In 2016, the media was again “stunned” when Bernie Sanders proved another threat to Clinton’s “entitlement” to the presidency for the mere fact of her gender; many were angered by the idea perpetrated by the media that Clinton was “owed” the presidency that she failed to gain in 2008, because of the “unfair advantage” Obama had as—what was it that Clinton fanatic Harriet Christian called him, an “inadequate black male”? But Sanders was an “old man” with a "fringe" liberal philosophy, while Clinton was “steady,” “presidential” and “commanding.” That wasn’t what voters were saying, that was what media pundits and print journalists were saying, and of course Clinton’s legion for disciples actually believed it.

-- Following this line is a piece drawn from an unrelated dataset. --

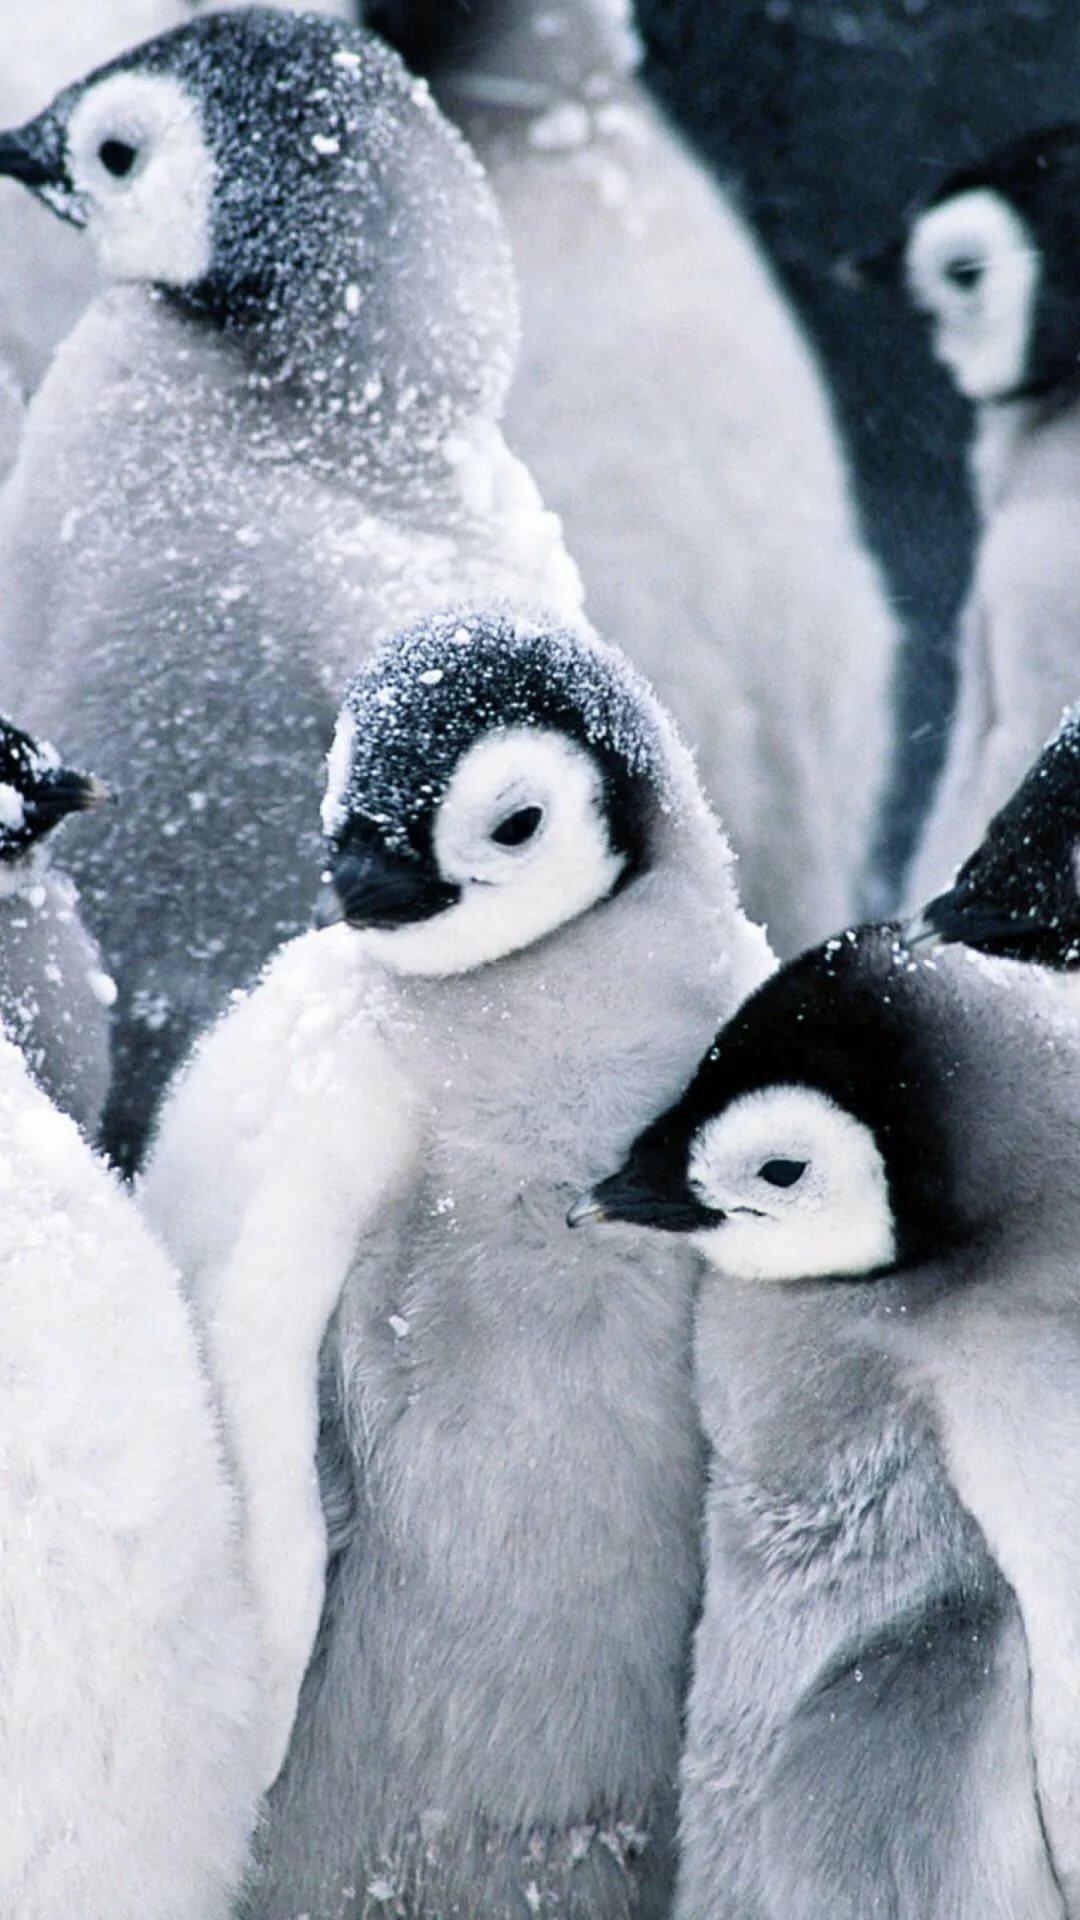 пингвин картинка на телефон встречается редко, при

Those who gravitated toward Sanders (like myself) saw her as something completely different—still the megalomaniac, still the opportunist, still with the taint of scandal that she was neck deep in, but also with an appalling disregard for responsible behavior while Secretary of State. Unlike Clinton, Sanders actually had principles he believed in and acted on; the guiding "principle" in Clinton's life was money and power. And what made it worse was rather than admit to the tiniest infraction and promise to be more “responsible” in the future, she refused to admit to any error, rather just lied, and lied, and lied, demonstrating a shocking contempt for the intelligence of reasonable people. And she did this over and over again, even when polls showed that the vast majority of voters found her “untrustworthy.” 

Of course, many voters disagreed with some of Clinton’s policy “positions”--which she wasn't changing them by the minute to suit one constituency or another--but the large majority of voters are not necessarily voting on “policy,” since for most people nothing really changes in their lives from year to year regardless who is in power. Many voters have their “gut” feelings about a candidate, and if it is in line with their level of empathy or bitterness at the world during a particular period of time, they tend to vote in that direction. Apparently many voters found it “refreshing” that a candidate (Trump) was completely candid and transparent, and off-putting that Clinton veiled herself in deceit and secrecy. Her corruption and pathological lying was either never talked about in the media, or claimed to be “old news” or “irrelevant.” Yet how could it be when day after day new evidence of wrong doing was unearthed about Clinton’s activities; individually they might not seem like much to the media, and easily “dismissed.” Yet for many voters, once the idea of Clinton being untrustworthy was set in concrete, the continuing soap opera of shocking levels of irresponsibility with the reins of power in her hands merely reinforced the idea that she was just too contemptuous of all the rules and regulations to keep her unethical and corrupt predilections in check.

Hillary Clinton didn’t lose because of her “gender”—in fact it benefited her more than hindered her in this election until the last month of the campaign, before she threw away that advantage by making it the only issue. She didn’t lose because of “sexism” or any other kind of “ism”; white women are the largest voting demographic in this country, and if this election was only about electing a woman president, then Clinton would have won in a landslide. But this election wasn’t about Clinton the woman; it was only that to female voters for whom gender was the only issue. This election for those who otherwise would loath to cast their vote for someone like Trump was about the non-stop assault on their better sense from the Clinton camp and the hyper-partisan media. All this and the lies and unethical behaviors ultimately defined Clinton in the eyes of “swing” and the "millennial" voters who either sat out the election or voted for a third-party candidate, and that is why she lost. In Germany, Angela Merkel was selected as the conservative party leader to represent the policy positions of that party, regardless of gender. Clinton and her media surrogates in the final month of the campaign made the mistake of presenting her as the leader of the "United States of Women," not of America.